The English word stimuli were obtained from the English Lexicon Project (Balota et al., 2007) database, accessed online through The sample was filtered for accuracy (0.97–1), log frequency (6.16), letter length (6–8) and reaction time (bottom 10%). 65 words were then randomly selected for our final sample and used to create another 65 pseudowords as per the Bahasa Melayu Lexical Decision Task. Similarly, all pseudowords were checked using the Cambridge Dictionary to ensure they were not real words.

Responses that were too fast or too slow (RT > 1.5 s or < 0.2 s) were excluded from the analyses. Reaction Time was calculated using data from accurate responses only. Higher Accuracy and RT scores represent higher proficiency.

The lexical decision tasks were administered to each participant in the same order: Chinese, followed by BM, then English. Participants were asked to decide as quickly as and accurately as possible if each word that appeared on the screen was a real word or not using the keyboard to respond. At the start of each lexical decision task, participants were given a practice trial consisting of 5 words and 5 non-words out of the chosen 130-word samples for each language. The words in the practice trials were not reused for the test trials; thus the test trials consisted of 120 words and non-words. Stimuli were presented as white characters in lowercase Arial font, letter height 0.1 in the center of the screen. A 0.5 s fixation point ‘ + ’ at the centre of the screen was presented before each stimulus, followed by a 0.12 s interstimulus interval for all trials. Target words remained on screen until participants responded with either of the response keys.


A favorable opinion for conduct was granted by the University of Reading Malaysia research ethics committee in adherence with the tenets of the Declaration of Helsinki. Participants were briefed and given information sheets and consent forms at the start of the experiment. All participants were asked to complete the questionnaires and tasks in the same order. LSBQ was administered first, followed by ARHQ, DRT, Phoneme Awareness Task, Lexical Decision Tasks and a debrief at the end.


Phoneme Awareness, Dynamic Reading Test and Adult Reading History Questionnaire (ARHQ) scores significantly correlated with each other (see Table 2 below). Note that DRT scores correlate negatively as a high score indicates higher likelihood of reading difficulty, (i.e. potentially poorer reading). Lexical Decision (English) task scores did not significantly correlate with any measure, with LDT-Eng Accuracy scores close to ceiling (mean = 0.96. SD = 0.031).

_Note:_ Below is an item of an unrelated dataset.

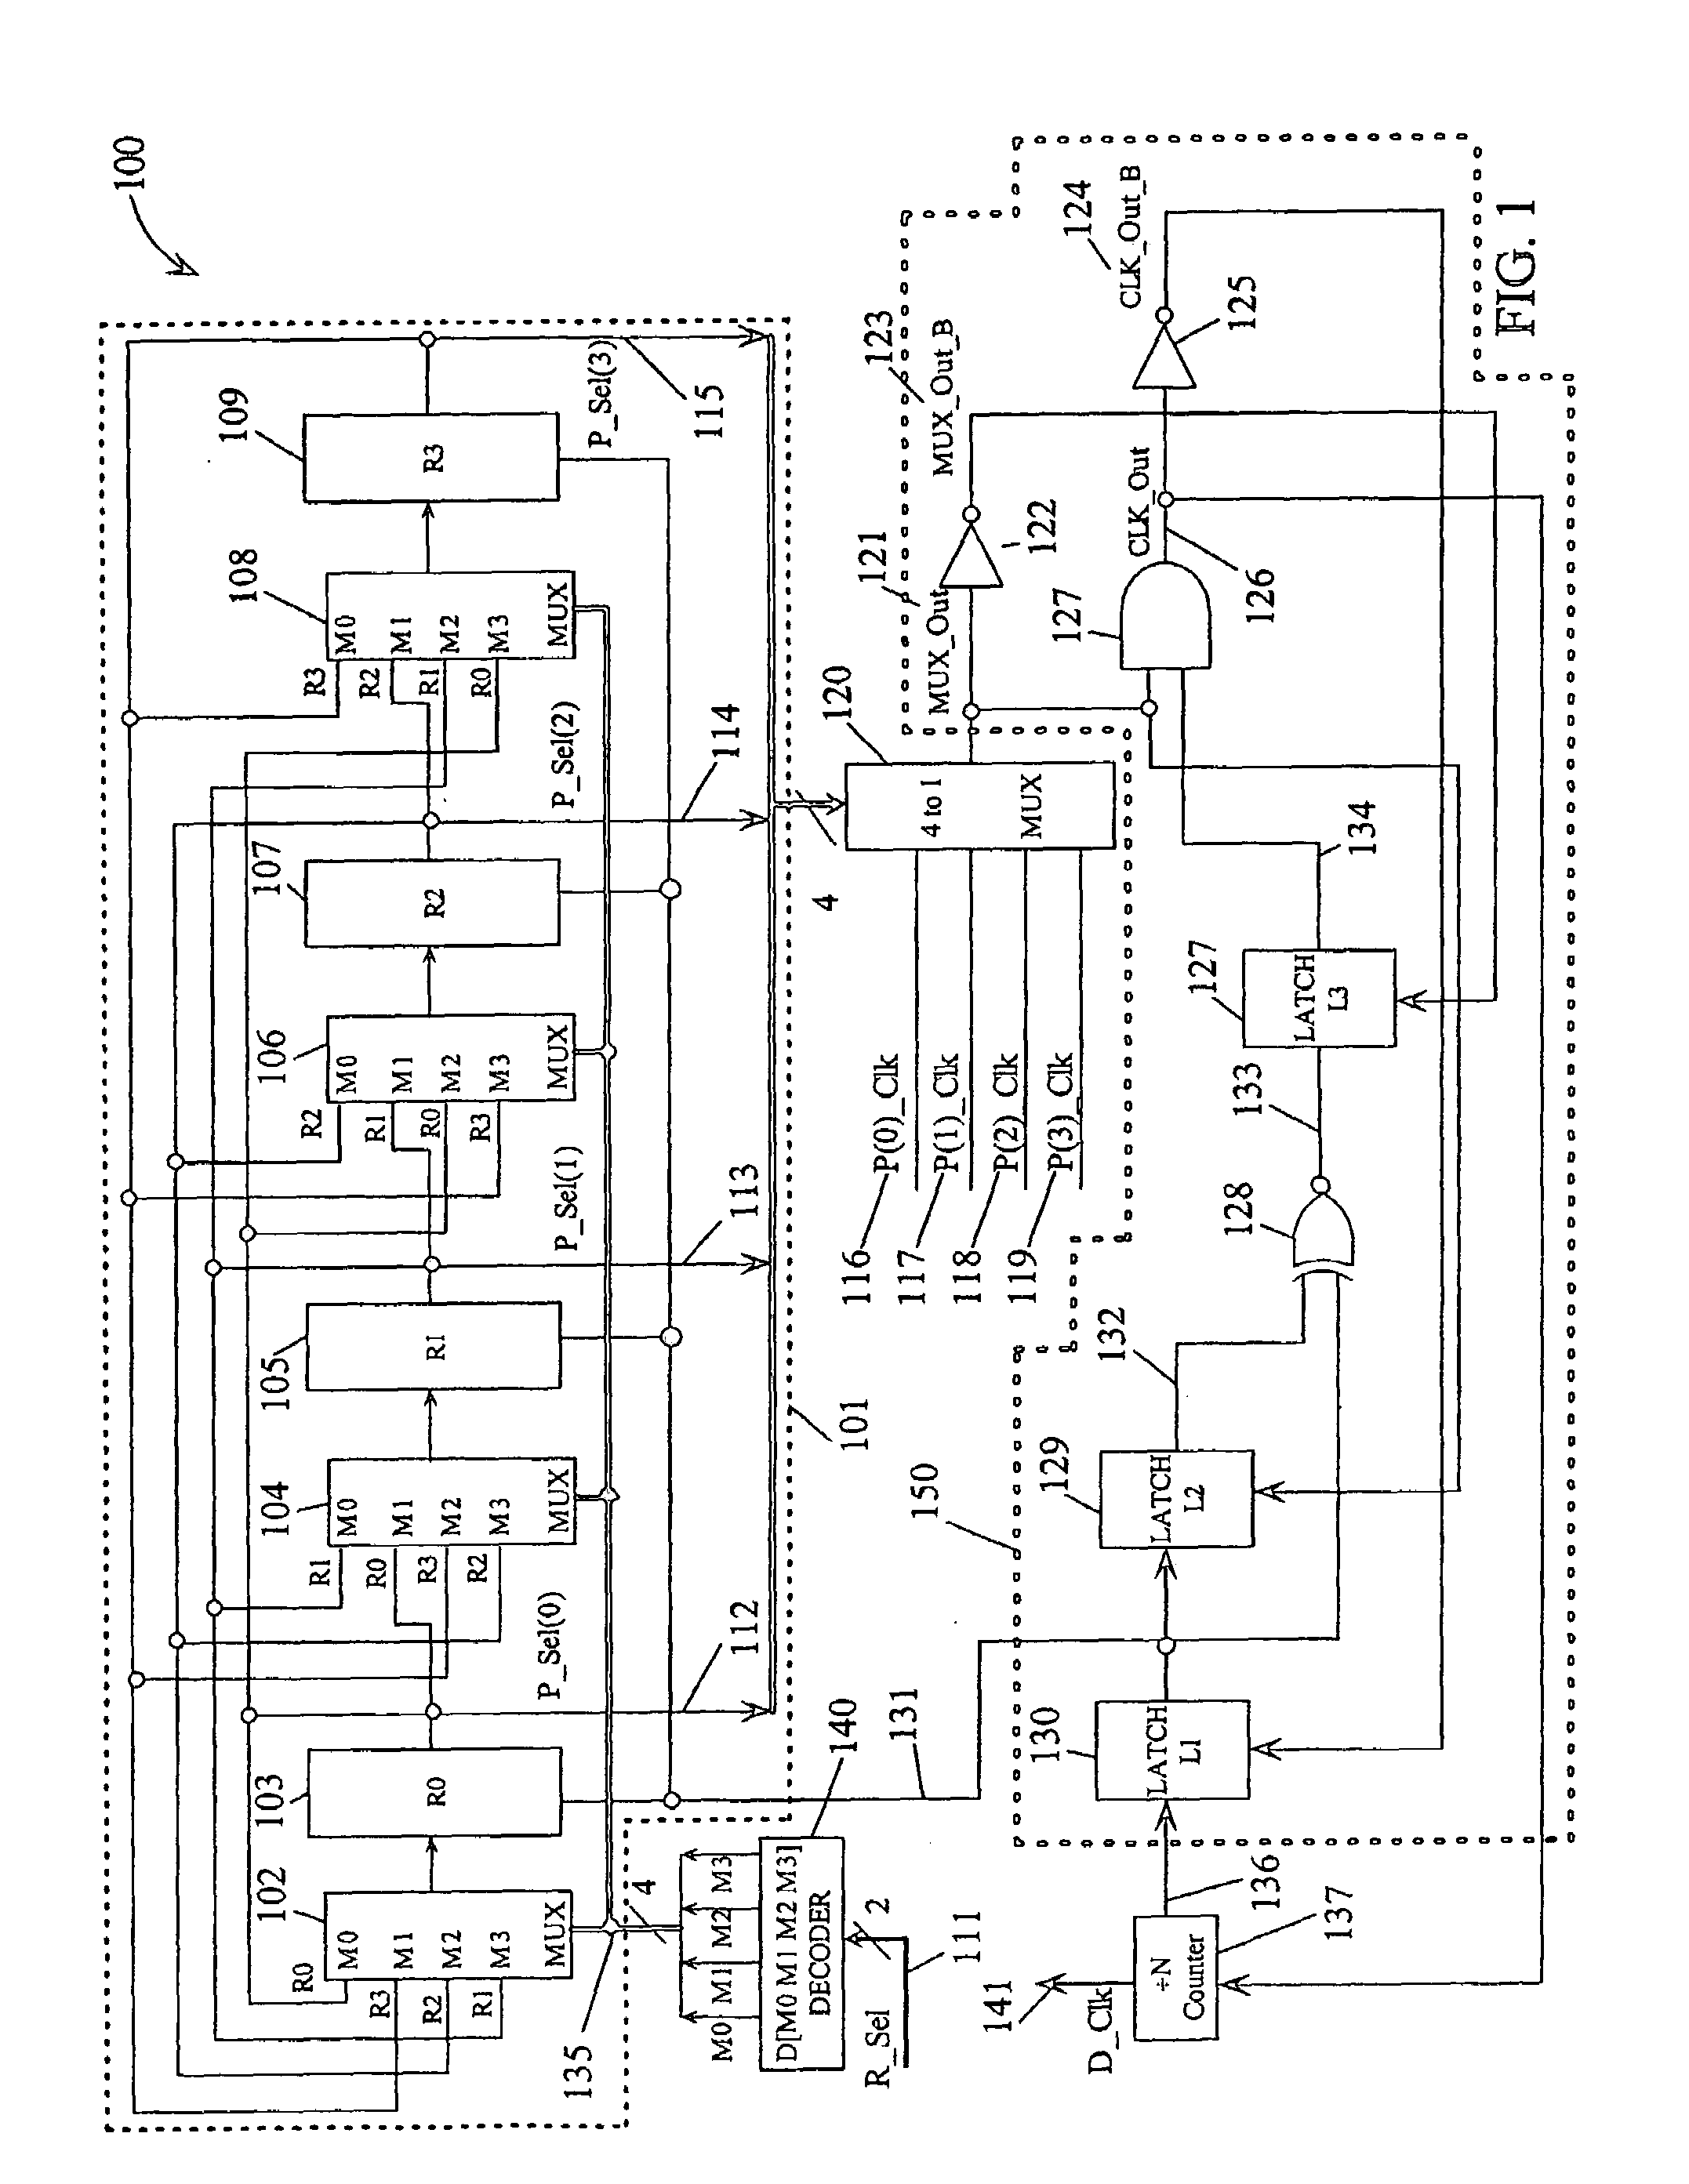 Phase clock selector for generating a non-integer frequency division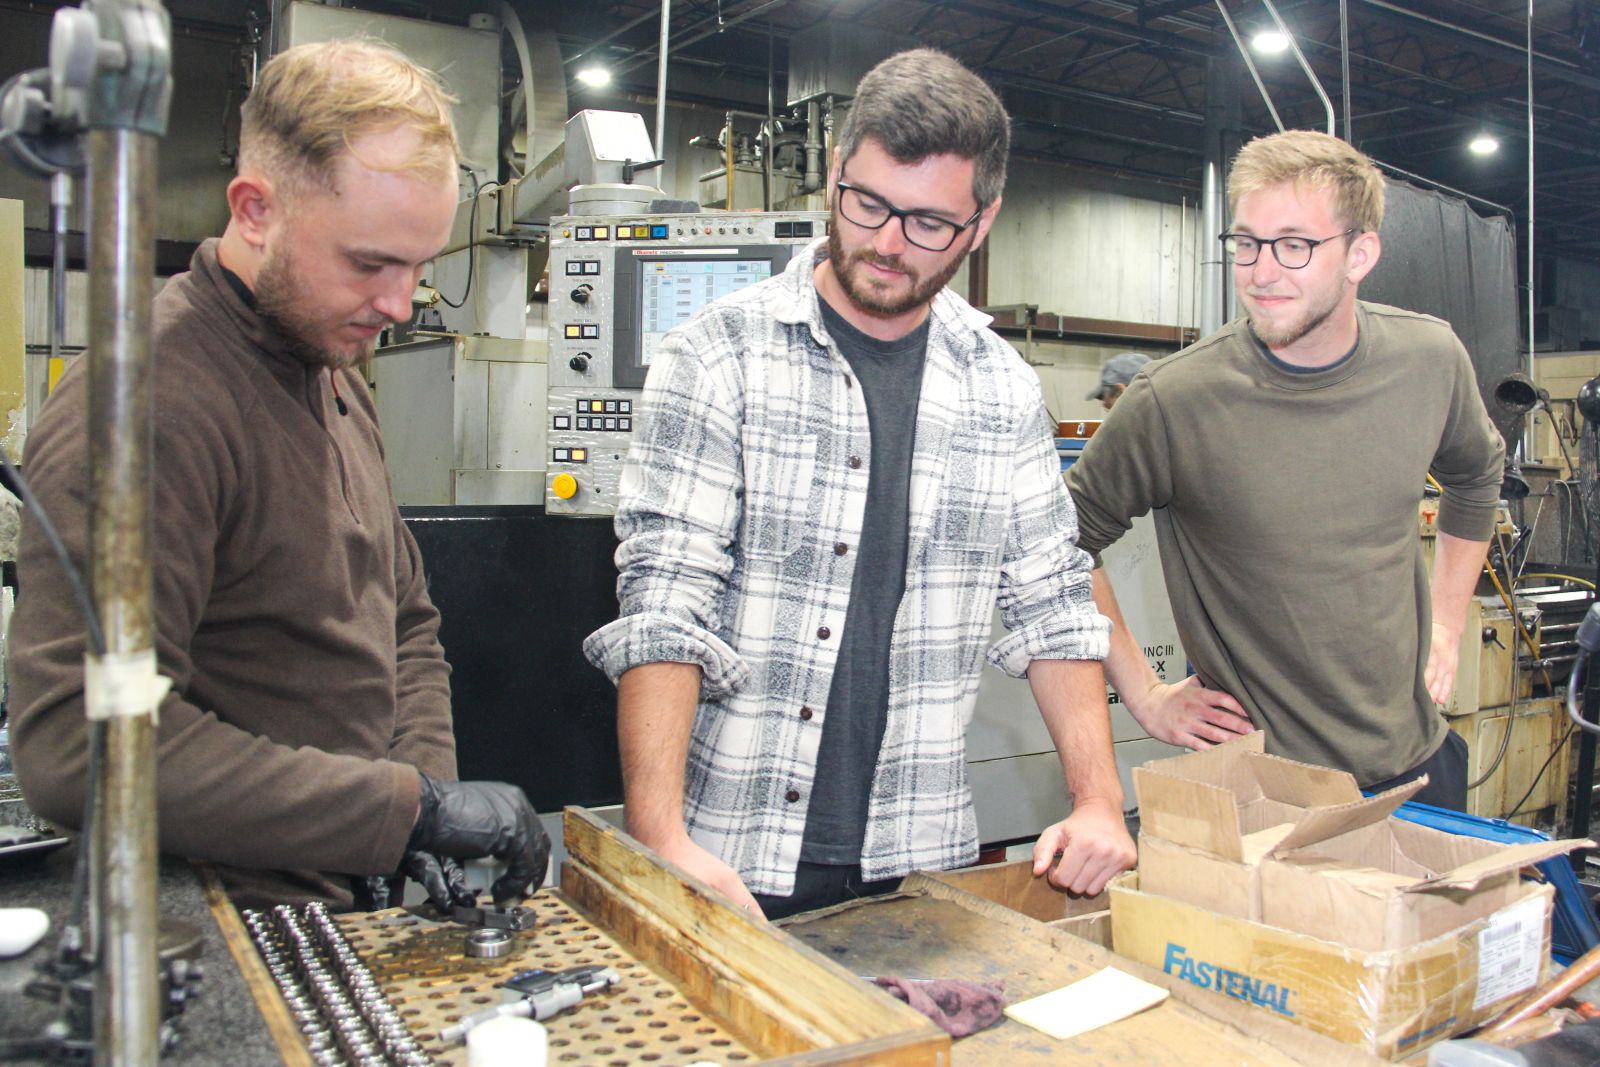 Students from Leopold-Hoesch Berufskolleg, a vocational college in Dortmund, Germany are working and learning in Statesboro as part of an exchange program with Ogeechee Technical College

Table 2 Correlations between reading-related measures

Following a similar approach to Elbro et al. (2012), a t-test was conducted with median-split scores from the Lexical Decision Task (Reaction Time; see Table 3 below for Descriptive statistics). A significant difference was found for the Dynamic Reading Test (t(57) = 2.25, p = 0.032, d = 0.57), with those faster on the LDT-Eng scoring significantly higher on the DRT than those slower on the LDT-Eng. No significant differences were found for any other reading measure (Phoneme Awareness: t(57) = 1.05, p = 0.299; Adult Reading History Questionnaire: t(57) = − 1.42, p = 0.161; Lexical Decision Task—English Accuracy: t(57) = 1.19, p = 0.241).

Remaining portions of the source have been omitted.